# Mark Coleman Threw A Fight in Pride?!?



## jehu pitchfork (Feb 4, 2007)

is this really true?!? i just discovered this a while ago. here's the link that makes the claim:

YouTube - Mark Coleman Disgraces America

my apologies if this is incredibly old. how is he allowed to fight if he threw fights? the only thing i can think of is that he was never "caught".

so, what say you?!?


----------



## Damone (Oct 1, 2006)

It was in Pride, therefore they didn't really give much of a shit. The fight's been a known work for a while now. Hilarious how Takada worked that fight like his other pro wrestling fights, making it even more obvious than the commentators.


----------



## PrideFan123 (Apr 8, 2007)

Yeah that was a thrown fight. It's so obvious. Coleman would have wiped the floor with Takada otherwise.


----------



## gwabblesore (May 2, 2007)

jehu pitchfork said:


> is this really true?!? i just discovered this a while ago. here's the link that makes the claim:
> 
> YouTube - Mark Coleman Disgraces America
> 
> ...


Yeah you can tell that's for real just by watching the fight. I mean he had side control then jumped out of it and handed his arm to Takada.


----------



## St. James (Jun 11, 2007)

I had never heard of this before your thread...I watched the video and maybe I'm missing something but I don't really see any glaring or obvious evidence that Coleman took a dive. He seemed like he tried everything to end it quickly, couldn't, gassed and got caught in a heel hook...I've seen that kind of thing countless times.

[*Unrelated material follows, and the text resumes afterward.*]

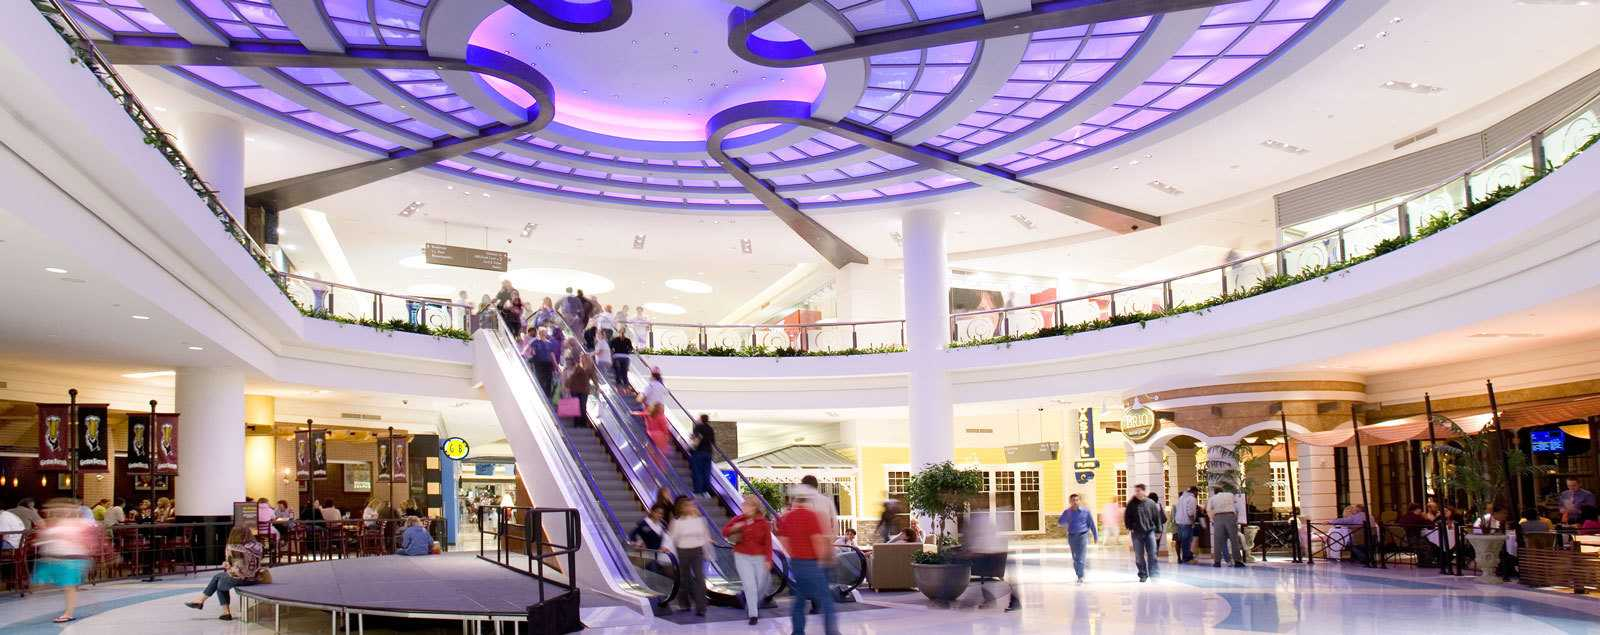 Fairfax Shopping Best Shopping In Northern Virginia Fairfax County Va

Please explain what I'm not seeing?


----------



## PrideFan123 (Apr 8, 2007)

St. James said:


> Please explain what I'm not seeing?


Giving up side mount to go into someone's guard is not something an olympic wrestler or MMA veteran would do. Also, Coleman had the most fierce GnP back in the day, he would have creamed Takada but he went really lightly on him. Lastly, did you even watch that heel-hook? rofl, he layed on his belly like a ******* fish.. didn't even try to pull his leg out.


----------



## Damone (Oct 1, 2006)

Just listen to the commentary.


----------



## GMW (Nov 15, 2006)

Those knees and punches colemans throwing can't be causing any pain for the other guy at all.


----------



## GMW (Nov 15, 2006)

lol, at the end, the commentators...
"what the hell"
"what..."
"how the hell did that happen"


----------



## MJB23 (Jan 26, 2007)

St. James said:


> I had never heard of this before your thread...I watched the video and maybe I'm missing something but I don't really see any glaring or obvious evidence that Coleman took a dive. He seemed like he tried everything to end it quickly, couldn't, gassed and got caught in a heel hook...I've seen that kind of thing countless times.
> 
> Please explain what I'm not seeing?


it's so obvious how can you not see that it was worked i mean he jumped from side mount and then fought to get back into his guard when he could've very easily passed back into side mount like he'd done earlier and then he baited him to take the heel hook he left his leg there forever and then stepped btw his legs so it would be right there and then didn't even try to get out of it and he wasnt gassed he was fine takada was gassed tho did you see him after?


----------



## jehu pitchfork (Feb 4, 2007)

thanks for clarifying y'all. i appreciate it.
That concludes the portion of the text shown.